Having a beaten-up and bruised face also made the interrogators suspicious, he said, since they “thought I’m a criminal.”
Once free, Sakamaki went right back to documenting the Egyptian scene, though this time focusing on the revolution’s “root causes,” forging into the slums of Cairo to see the squalid conditions that sparked the uprising. Sakamaki called up the lawyer he’d met in the military prison, who accompanied him along with a few other locals, providing him some safety.

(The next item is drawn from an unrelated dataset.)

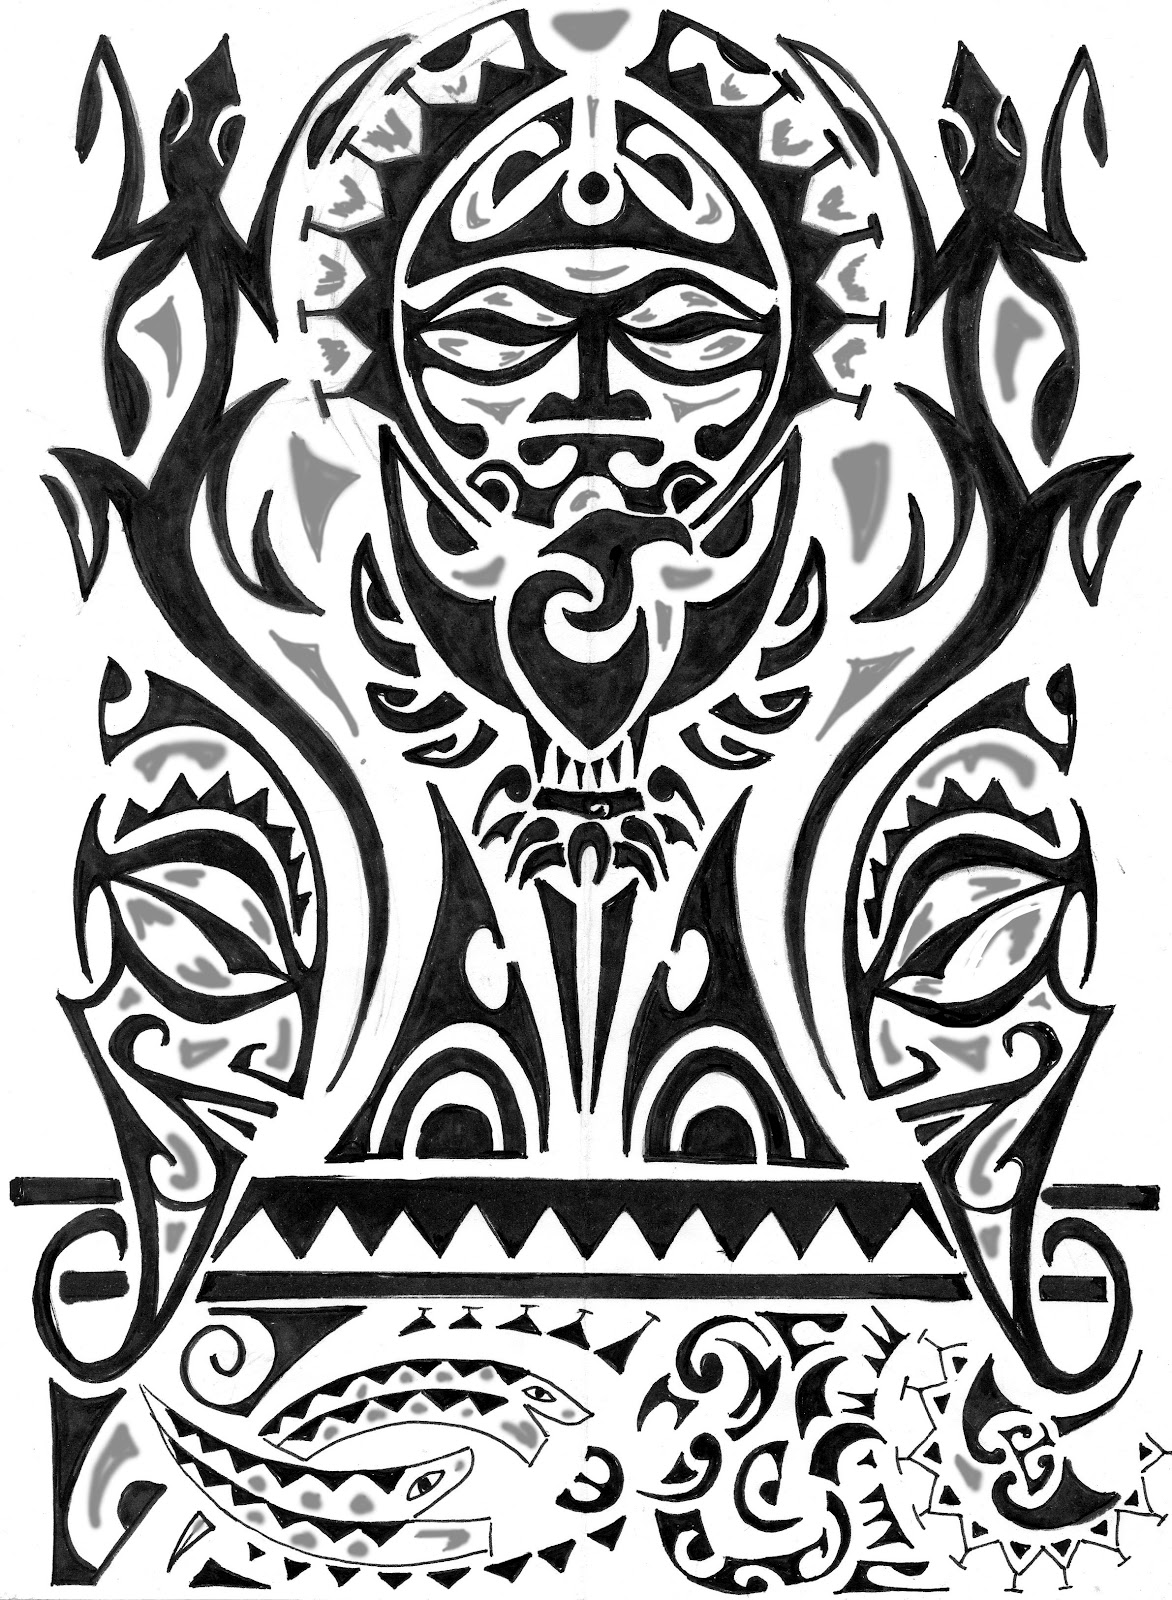 pin foto guerriero tatuaggi tattoo ultras juventus tifo calcio football on pinterest. Black Bedroom Furniture Sets. Home Design Ideas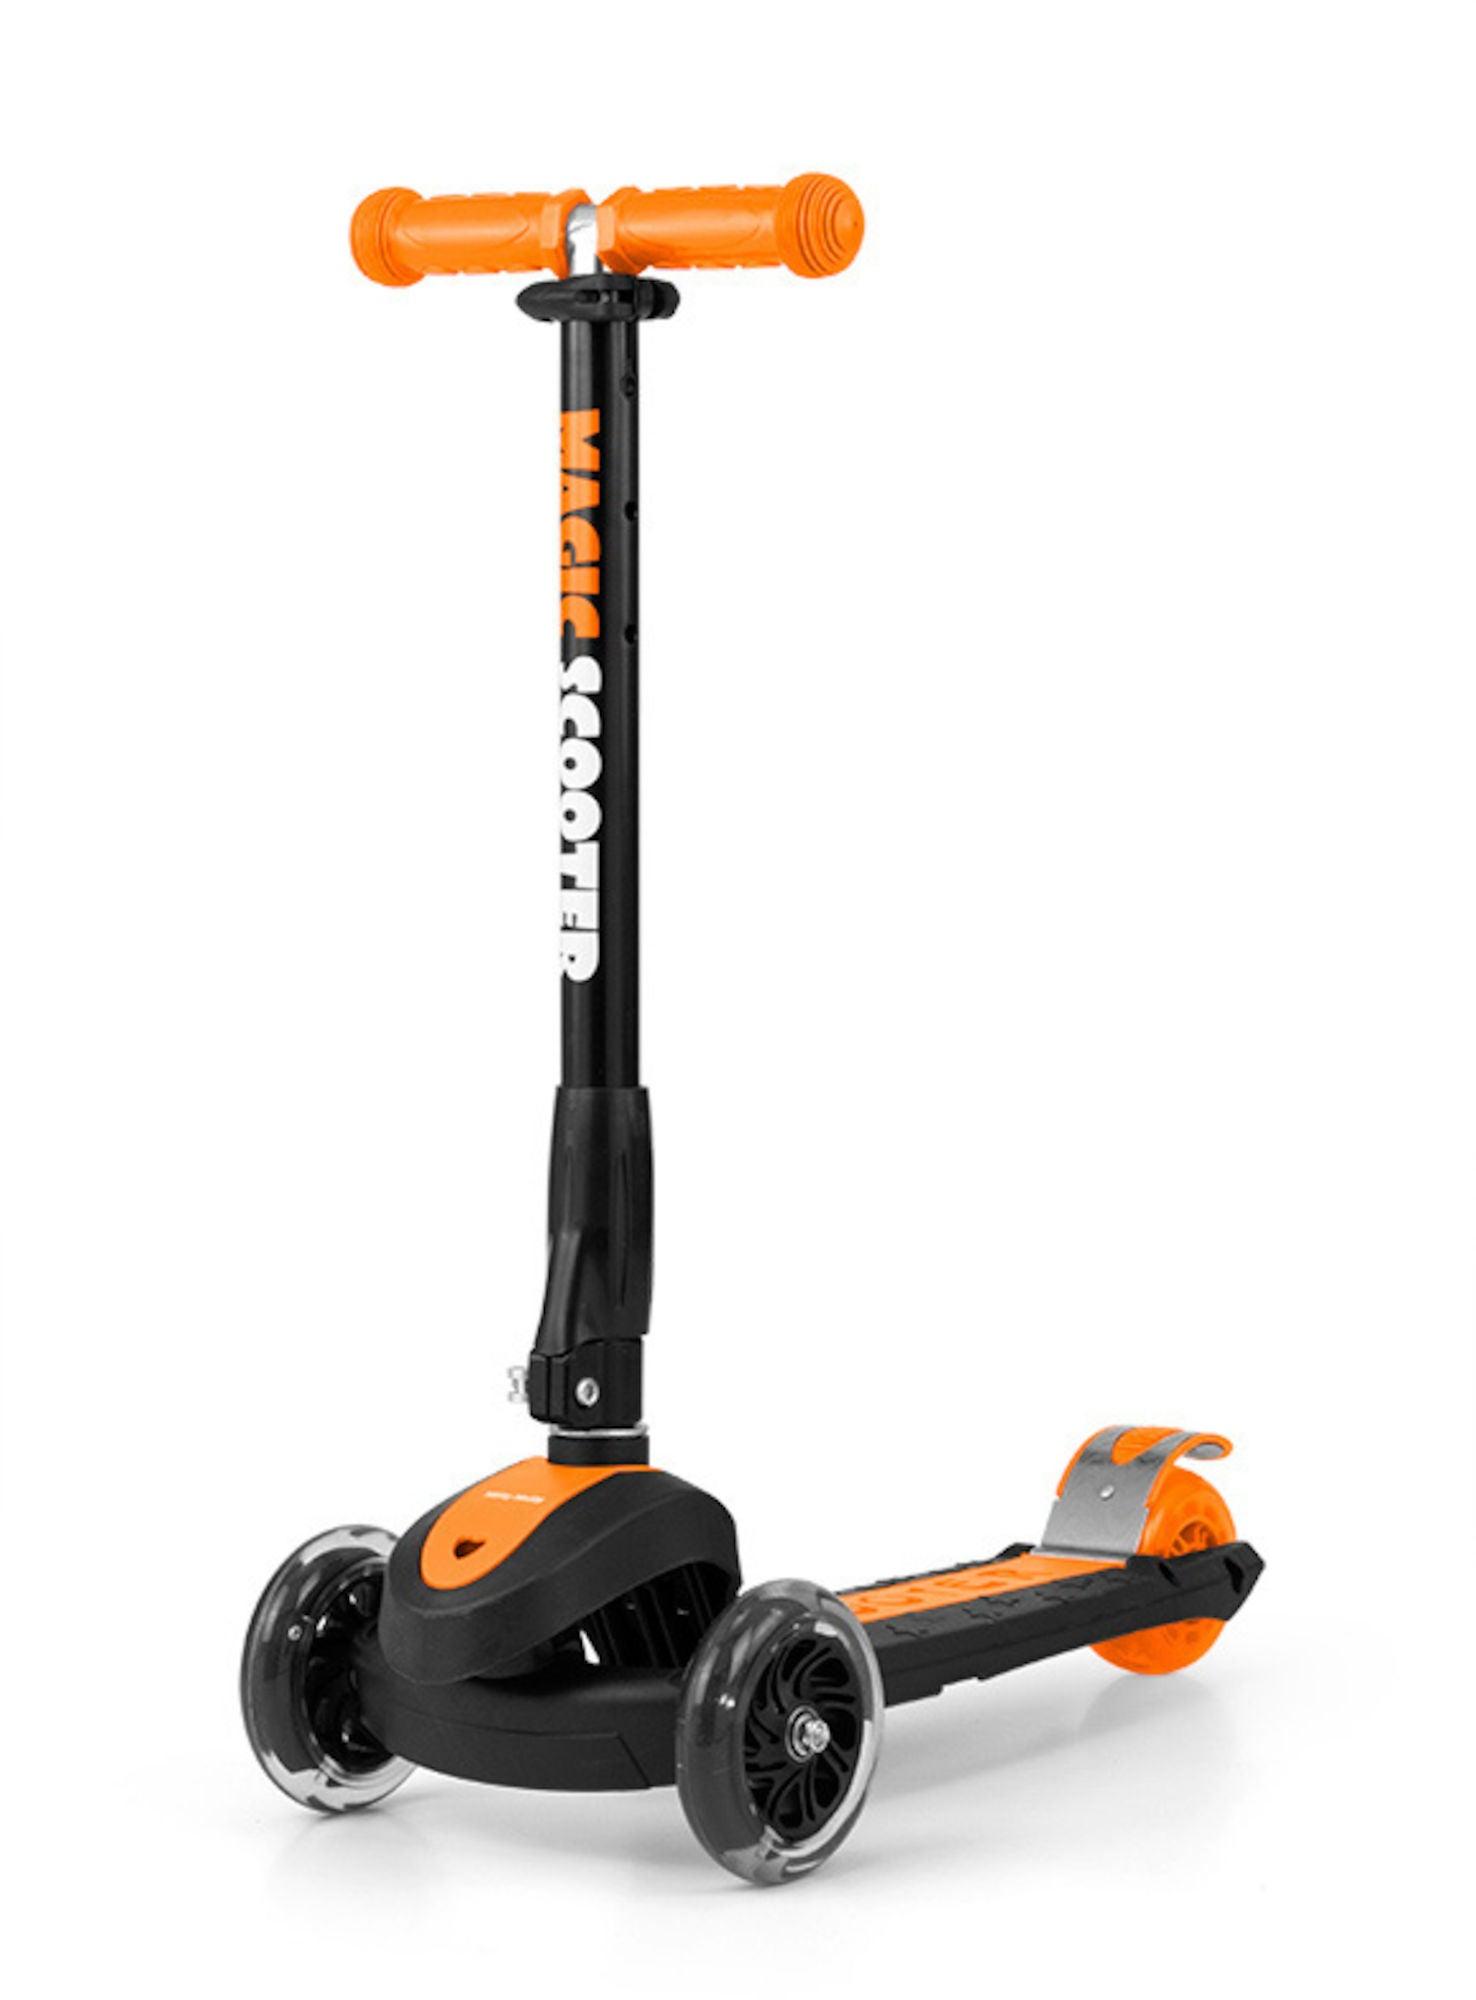 Milly Mally Magic Scooter Sparkcykel, Orange

He went to get his rib bandaged.
“They say, ‘Plaster,’ but I say, ‘No plaster, it’s too heavy,’” Sakamaki recalled. “I have experience with rib fracture before — it didn’t seem too bad. Best thing is to rest for week to 10 days, but still I was moving a lot.” When he’d get bumped in the crowd, it would send a stab of pain through his side, but he soldiered on.
As for the Egyptian revolution’s root causes, Sakamaki said, it’s simple: “If someone, or some system, oppresses people, deprives them of their fundamental rights, such as freedom from torture or the right to a fair trial, and keeps unequal opportunity of jobs, naturally, a people’s movement to change happens, in which people even risk their own lives.”
Ultimately, Sakamaki feels it was his experience — what he calls his “immune system” — that allowed him to pull through the ordeal and keep his wits about him, even when he felt he would be killed.
“If I didn’t have ‘immune system,’ I think I’d go crazy,” he said. “I already have similar experiences in Afghanistan, [the slums of] Rio de Janeiro, Israel. If I didn’t have that, I might have gone insane.”
Currently, Sakamaki is in his native Japan, covering the ongoing disaster there from the earthquake, tsunami and critically damaged nuclear power plants.